Lula tenta aproximação com Trump no G7, mas encontro não acontece e presidente brasileiro fica sem agenda bilateral com líder dos EUA

Lula tenta aproximação com Trump no G7, mas encontro não acontece e presidente brasileiro fica sem agenda bilateral com líder dos EUA

Após sinalizar interesse em conversar sobre tarifas e comércio, Lula participa da cúpula na França sem conseguir um diálogo direto com Donald Trump, que manteve sua agenda independente durante o encontro

A participação do presidente Luiz Inácio Lula da Silva na cúpula ampliada do G7, realizada em Évian-les-Bains, na França, acabou marcada por um fato político que chamou atenção nos bastidores da diplomacia internacional: a ausência de qualquer interação com o presidente dos Estados Unidos, Donald Trump.

O encontro entre os dois líderes era aguardado por integrantes do governo brasileiro, especialmente após Lula afirmar que pretendia aproveitar a reunião para dialogar com Trump sobre as novas tarifas comerciais que podem atingir produtos brasileiros. No entanto, apesar de estarem no mesmo ambiente e participarem dos mesmos compromissos oficiais, os dois não trocaram cumprimentos nem mantiveram qualquer conversa pública.

Durante a tradicional foto oficial dos líderes convidados e membros do G7, Trump e Lula chegaram a ficar próximos em determinados momentos. O presidente americano, porém, permaneceu concentrado em conversas com outros chefes de Estado, especialmente com o presidente da Coreia do Sul, Lee Jae-myung. Após a cerimônia, Trump deixou o local sem qualquer contato com o líder brasileiro.

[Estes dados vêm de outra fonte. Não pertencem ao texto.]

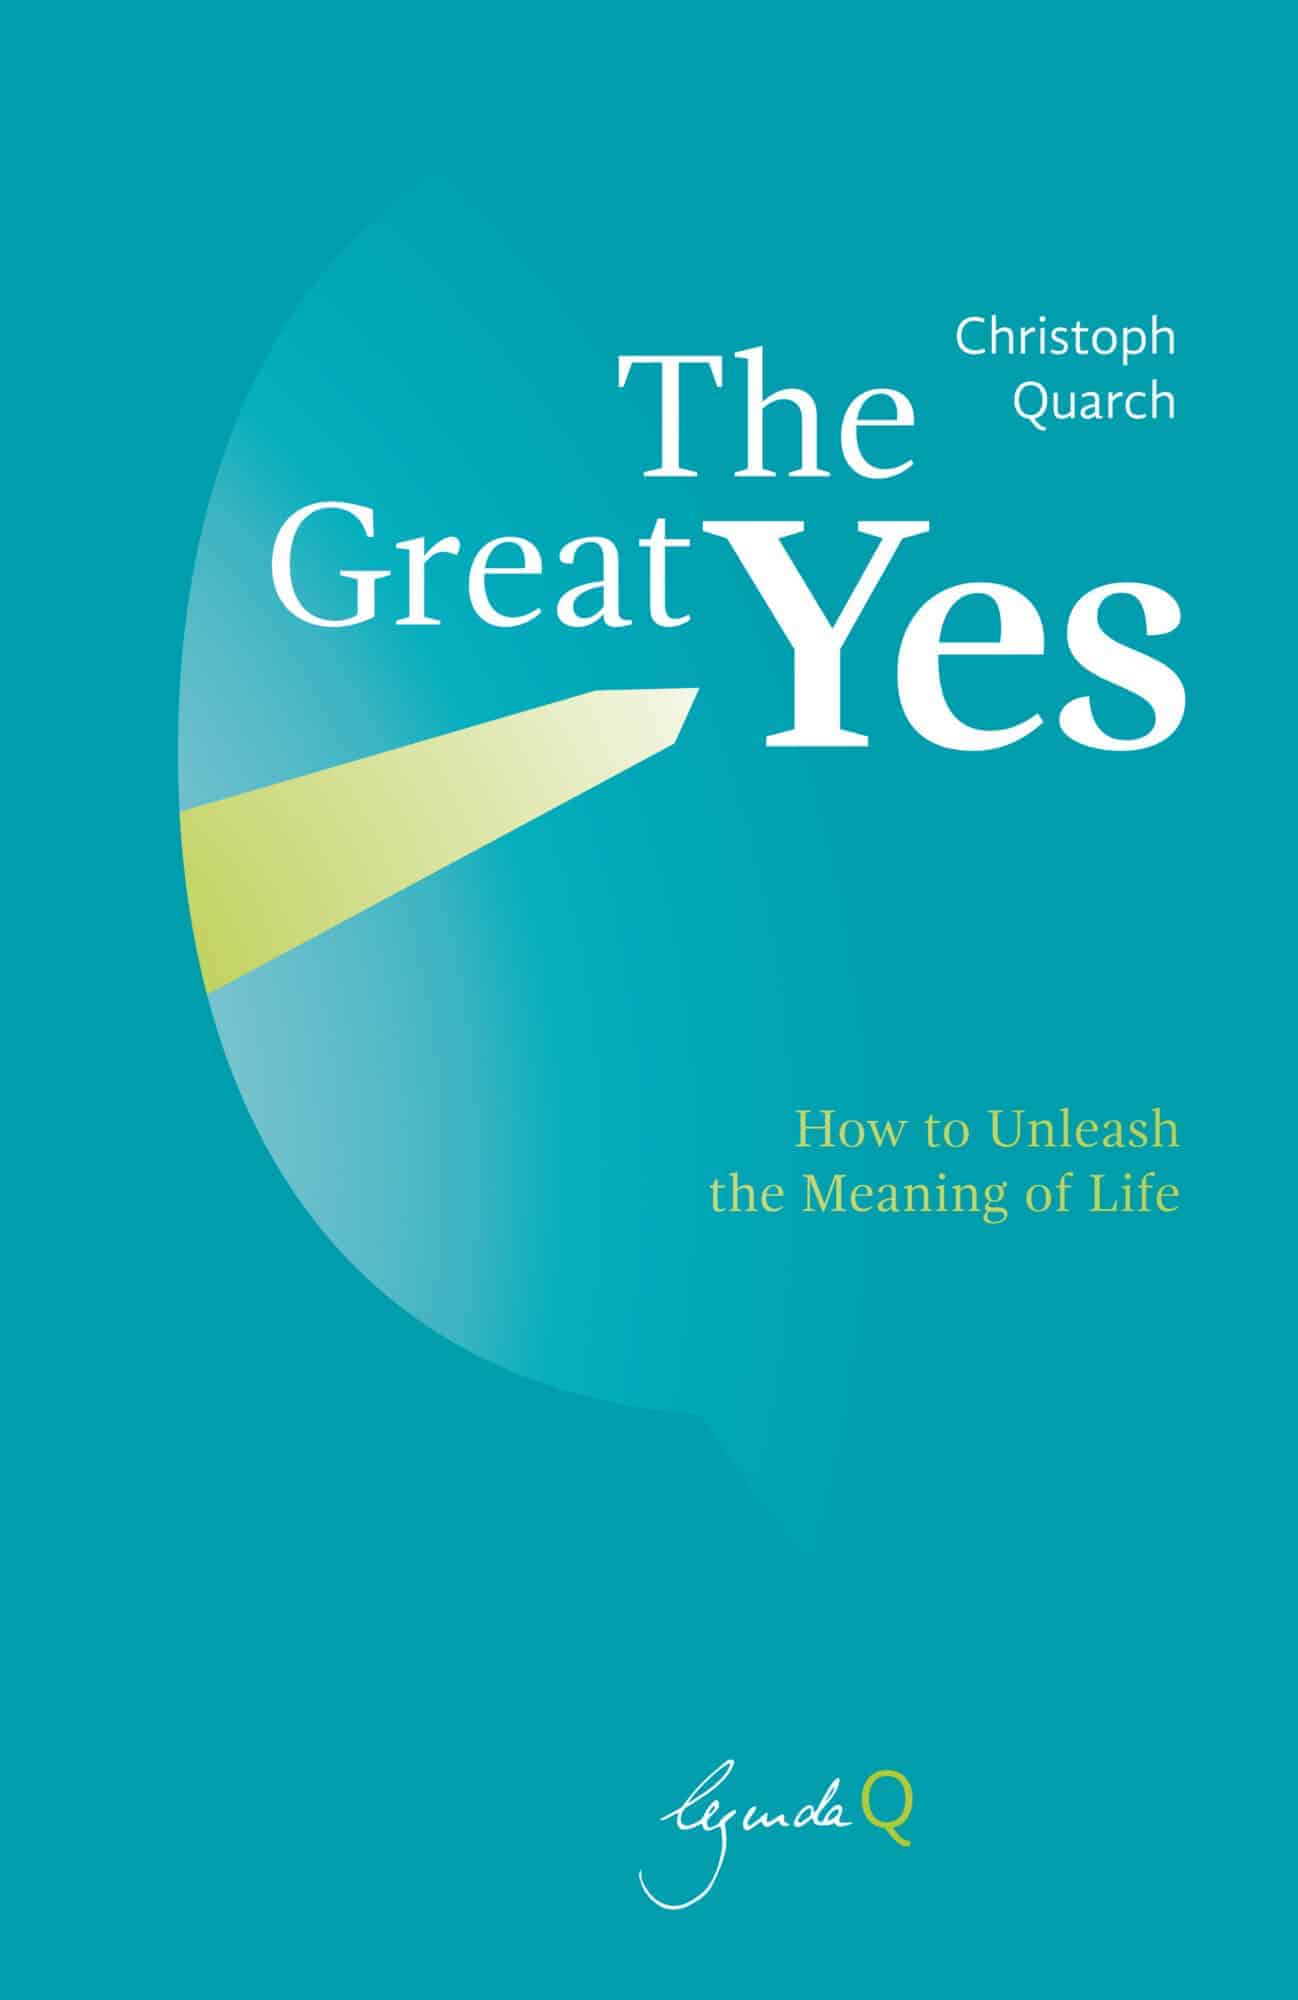 The Great Yes - Christoph Quarch

A situação gerou repercussão porque a viagem de Lula à França ocorreu em meio a uma crescente tensão comercial entre Brasil e Estados Unidos. Nos últimos meses, a administração Trump endureceu sua postura em relação a diversos parceiros comerciais e passou a avaliar novas tarifas sobre produtos brasileiros. Diante desse cenário, o Palácio do Planalto alimentava a expectativa de abrir um canal direto de negociação durante a cúpula.

Apesar da tentativa de aproximação, nenhuma reunião bilateral foi confirmada. O episódio reforçou a dificuldade do governo brasileiro em estabelecer uma interlocução direta com a Casa Branca em um momento considerado estratégico para a economia nacional.

Enquanto isso, Trump continua priorizando sua agenda internacional baseada na defesa dos interesses econômicos dos Estados Unidos. O presidente americano tem sustentado uma política de fortalecimento da indústria nacional, revisão de acordos comerciais e aumento da pressão sobre países que considera beneficiários de condições comerciais desfavoráveis aos norte-americanos.

Lula, por sua vez, concentrou sua participação no G7 em reuniões com lideranças europeias. Entre os encontros previstos estavam conversas com a presidente da Comissão Europeia, Ursula von der Leyen, e com o presidente do Conselho Europeu, António Costa. Um dos temas centrais dessas reuniões foi a decisão da União Europeia de impor restrições à carne bovina brasileira, medida que preocupa produtores e exportadores do país.

Nos discursos preparados para a cúpula, o presidente brasileiro defendeu maior cooperação internacional, reformas em organismos multilaterais e ampliação dos recursos destinados aos países em desenvolvimento. Também voltou a criticar o avanço do protecionismo econômico em diferentes regiões do mundo.

Nos bastidores, porém, a ausência de um encontro com Trump acabou se tornando um dos assuntos mais comentados do evento. Isso porque o próprio governo brasileiro havia sinalizado que um diálogo direto poderia ajudar a reduzir tensões comerciais e abrir espaço para negociações futuras.

O episódio evidencia os desafios diplomáticos enfrentados pelo Brasil em um cenário internacional cada vez mais competitivo, onde interesses econômicos, disputas comerciais e alianças estratégicas têm definido grande parte das relações entre as principais potências globais.